# Amplificador operacional para termopar



## NiKoX (Abr 29, 2011)

Hola, estoy construyendo un medidor de temperatura con un termopar tipo K. Quisiera saber que tipo de amplificador puedo usar, estoy usando un LM348, pero tengo entendido que hay unos especiales para instrumentacion, pero no se como se llaman, o si son para eso, o si son realmente lo que necesito

Con el LM348, tambien ocurrio que a la salida media un voltaje de 4.32V (con una alimentacion de 5V), y el factor de amplificacion -configurado como no inversor- de aproximadamente 250 (2k y 500k) Eso implicaria que, de estar bien todas las conexiones, a la salida del termopar habria -como minimo- 17mV, lo cual no puede ser... podria estar dañado el amplificador? O quizas hay un error en otra parte que no he considerado?

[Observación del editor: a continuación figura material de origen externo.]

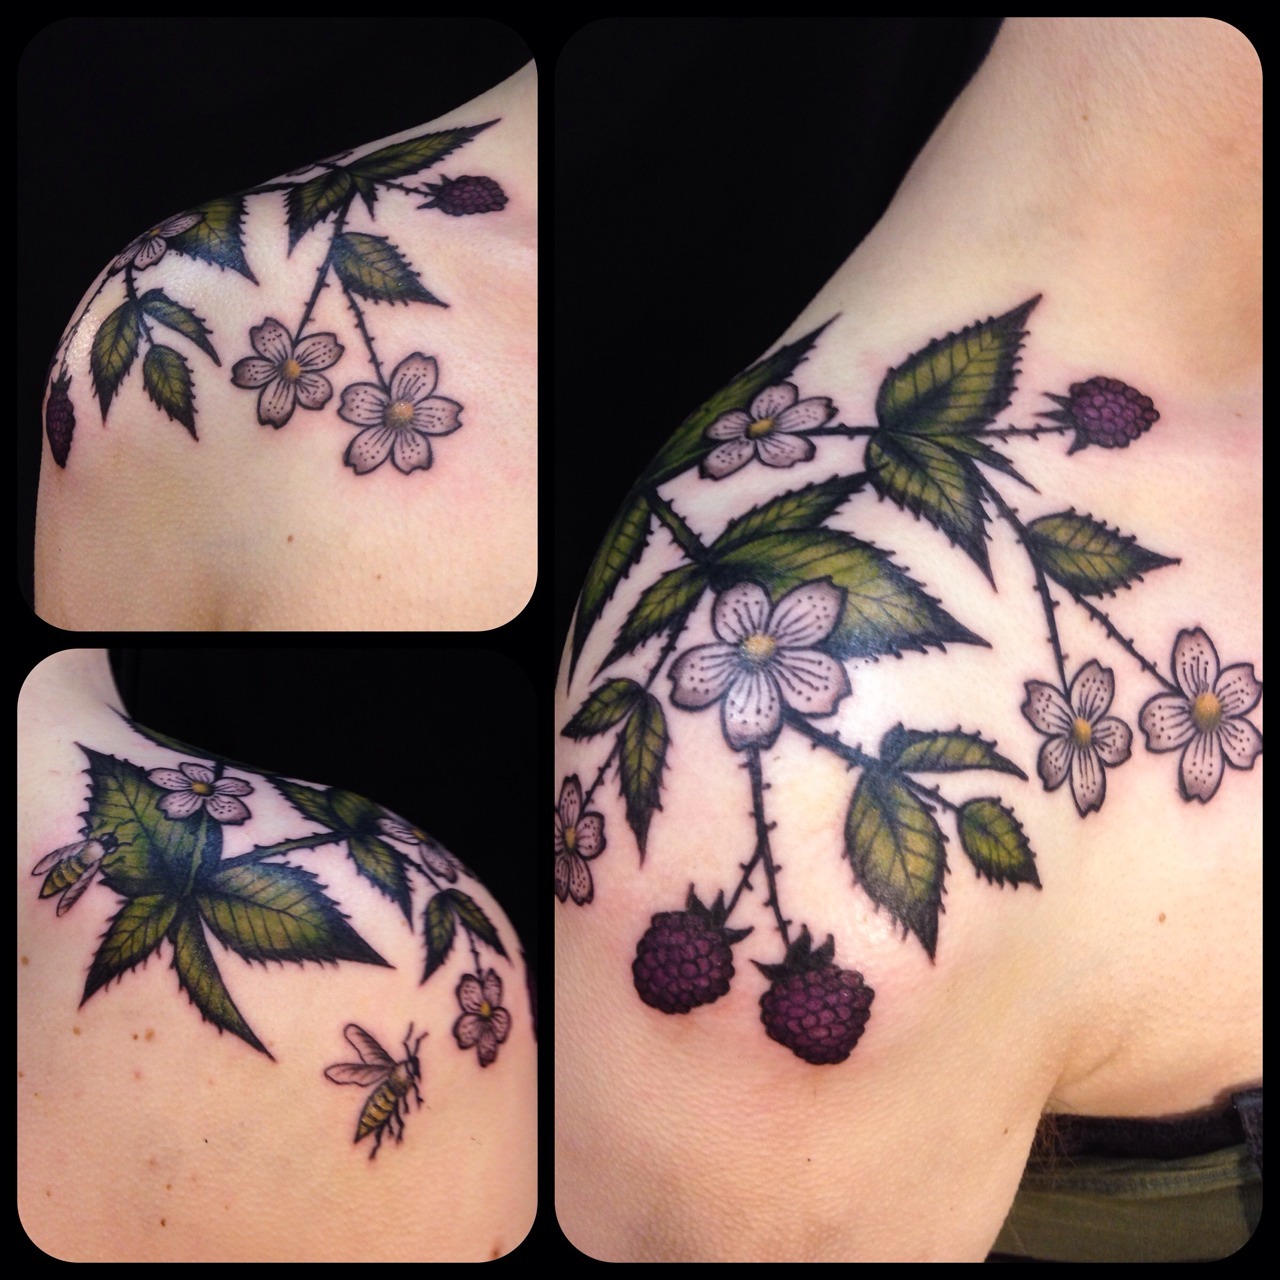 Another little blackberry sprig for Mary   Savannah Trevino

Cabe mencionar tambien que estoy usando 5V xq es lo que utiliza el ADC (quizas de ahi los 4.32V en vez de 5?), y para no usar fuentes extra los conecte ambos a la misma fuente. El datasheet del lm348 especifica los valores de alimentacion recomendados: Vcc+ de 4 a 18V, y Vcc- de -4 a -18V. Implica necesariamente colocar un voltaje negativo en el Vcc- ? O puedo conectar esa terminal a tierra y alimentar directo en el positivo con los 5V?

Agradezco sus opiniones, recomendaciones y/u observaciones


----------



## MrCarlos (Abr 29, 2011)

Hola NiKoX

El LM348 mencionado por ti es de ese tipo(Instrumentación).
Ve la pagina 8 de las hojas de datos del LM348.
Por acá puedes encontrar las hojas de datos de otros fabricantes.
http://www.alldatasheet.com/

El Termocople tipo K tiene un rango de –6.458 a 56.886 mVolts. Si la ganancia del LM348 es de 250 entonces:
-0.006458 x 250 = -1.6145V.
0.056886 x 250 = 14.2215V. Si llegaras a esta temperatura, o poco menor, la polarización del Amp. Oper. (5V) no sería suficiente.
Qué rango de temperatura vas a utilizar ?

Si en las hojas de datos del LM348 dice que puede funcionar con una sola fuente así será. Pero si no lo dice entonces hay que utilizar 2 fuentes, una positiva y otra negativa.

saludos
a sus ordenes


----------